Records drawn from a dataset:

_ _ _ _ _ _ _

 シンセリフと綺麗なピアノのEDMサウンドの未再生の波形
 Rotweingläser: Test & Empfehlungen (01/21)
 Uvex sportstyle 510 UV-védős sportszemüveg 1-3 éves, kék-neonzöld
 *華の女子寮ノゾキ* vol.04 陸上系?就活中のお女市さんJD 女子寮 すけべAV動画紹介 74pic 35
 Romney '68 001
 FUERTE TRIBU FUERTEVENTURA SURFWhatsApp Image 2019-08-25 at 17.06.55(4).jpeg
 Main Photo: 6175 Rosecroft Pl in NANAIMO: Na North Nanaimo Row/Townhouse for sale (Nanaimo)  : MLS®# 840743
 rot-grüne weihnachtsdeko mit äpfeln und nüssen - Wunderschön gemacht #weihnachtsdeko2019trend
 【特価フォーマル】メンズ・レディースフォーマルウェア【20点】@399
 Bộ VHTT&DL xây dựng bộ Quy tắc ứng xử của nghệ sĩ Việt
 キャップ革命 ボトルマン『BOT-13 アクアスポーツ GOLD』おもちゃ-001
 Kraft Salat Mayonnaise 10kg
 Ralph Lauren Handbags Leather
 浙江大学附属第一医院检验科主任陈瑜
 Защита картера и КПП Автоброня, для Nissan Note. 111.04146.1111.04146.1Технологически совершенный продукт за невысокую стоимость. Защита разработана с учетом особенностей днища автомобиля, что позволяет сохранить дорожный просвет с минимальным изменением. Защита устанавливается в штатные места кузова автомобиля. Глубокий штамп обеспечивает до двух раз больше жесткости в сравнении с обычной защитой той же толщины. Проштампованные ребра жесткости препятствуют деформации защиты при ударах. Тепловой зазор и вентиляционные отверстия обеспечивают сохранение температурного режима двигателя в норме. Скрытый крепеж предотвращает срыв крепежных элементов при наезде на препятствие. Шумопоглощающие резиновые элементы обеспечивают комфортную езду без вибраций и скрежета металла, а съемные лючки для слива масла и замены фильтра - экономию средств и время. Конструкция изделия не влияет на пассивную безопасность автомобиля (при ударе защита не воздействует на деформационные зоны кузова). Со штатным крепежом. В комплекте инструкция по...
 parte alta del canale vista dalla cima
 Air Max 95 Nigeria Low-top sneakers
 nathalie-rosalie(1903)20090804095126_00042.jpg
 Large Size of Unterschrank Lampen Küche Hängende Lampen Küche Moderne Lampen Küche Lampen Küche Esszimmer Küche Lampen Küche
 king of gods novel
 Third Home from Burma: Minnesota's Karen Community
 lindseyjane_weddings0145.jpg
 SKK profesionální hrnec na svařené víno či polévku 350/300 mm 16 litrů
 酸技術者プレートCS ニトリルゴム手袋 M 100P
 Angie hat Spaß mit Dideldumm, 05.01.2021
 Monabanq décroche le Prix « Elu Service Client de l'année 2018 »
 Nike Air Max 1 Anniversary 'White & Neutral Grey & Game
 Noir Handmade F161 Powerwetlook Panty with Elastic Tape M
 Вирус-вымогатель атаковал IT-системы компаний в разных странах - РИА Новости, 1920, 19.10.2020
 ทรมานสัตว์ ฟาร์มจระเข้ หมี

_ _ _ _ _ _ _

▶ _Your objective_
Your answer must be an exact transcription of every record above.

▶ _Result_
 シンセリフと綺麗なピアノのEDMサウンドの未再生の波形
 Rotweingläser: Test & Empfehlungen (01/21)
 Uvex sportstyle 510 UV-védős sportszemüveg 1-3 éves, kék-neonzöld
 *華の女子寮ノゾキ* vol.04 陸上系?就活中のお女市さんJD 女子寮 すけべAV動画紹介 74pic 35
 Romney '68 001
 FUERTE TRIBU FUERTEVENTURA SURFWhatsApp Image 2019-08-25 at 17.06.55(4).jpeg
 Main Photo: 6175 Rosecroft Pl in NANAIMO: Na North Nanaimo Row/Townhouse for sale (Nanaimo)  : MLS®# 840743
 rot-grüne weihnachtsdeko mit äpfeln und nüssen - Wunderschön gemacht #weihnachtsdeko2019trend
 【特価フォーマル】メンズ・レディースフォーマルウェア【20点】@399
 Bộ VHTT&DL xây dựng bộ Quy tắc ứng xử của nghệ sĩ Việt
 キャップ革命 ボトルマン『BOT-13 アクアスポーツ GOLD』おもちゃ-001
 Kraft Salat Mayonnaise 10kg
 Ralph Lauren Handbags Leather
 浙江大学附属第一医院检验科主任陈瑜
 Защита картера и КПП Автоброня, для Nissan Note. 111.04146.1111.04146.1Технологически совершенный продукт за невысокую стоимость. Защита разработана с учетом особенностей днища автомобиля, что позволяет сохранить дорожный просвет с минимальным изменением. Защита устанавливается в штатные места кузова автомобиля. Глубокий штамп обеспечивает до двух раз больше жесткости в сравнении с обычной защитой той же толщины. Проштампованные ребра жесткости препятствуют деформации защиты при ударах. Тепловой зазор и вентиляционные отверстия обеспечивают сохранение температурного режима двигателя в норме. Скрытый крепеж предотвращает срыв крепежных элементов при наезде на препятствие. Шумопоглощающие резиновые элементы обеспечивают комфортную езду без вибраций и скрежета металла, а съемные лючки для слива масла и замены фильтра - экономию средств и время. Конструкция изделия не влияет на пассивную безопасность автомобиля (при ударе защита не воздействует на деформационные зоны кузова). Со штатным крепежом. В комплекте инструкция по...
 parte alta del canale vista dalla cima
 Air Max 95 Nigeria Low-top sneakers
 nathalie-rosalie(1903)20090804095126_00042.jpg
 Large Size of Unterschrank Lampen Küche Hängende Lampen Küche Moderne Lampen Küche Lampen Küche Esszimmer Küche Lampen Küche
 king of gods novel
 Third Home from Burma: Minnesota's Karen Community
 lindseyjane_weddings0145.jpg
 SKK profesionální hrnec na svařené víno či polévku 350/300 mm 16 litrů
 酸技術者プレートCS ニトリルゴム手袋 M 100P
 Angie hat Spaß mit Dideldumm, 05.01.2021
 Monabanq décroche le Prix « Elu Service Client de l'année 2018 »
 Nike Air Max 1 Anniversary 'White & Neutral Grey & Game
 Noir Handmade F161 Powerwetlook Panty with Elastic Tape M
 Вирус-вымогатель атаковал IT-системы компаний в разных странах - РИА Новости, 1920, 19.10.2020
 ทรมานสัตว์ ฟาร์มจระเข้ หมี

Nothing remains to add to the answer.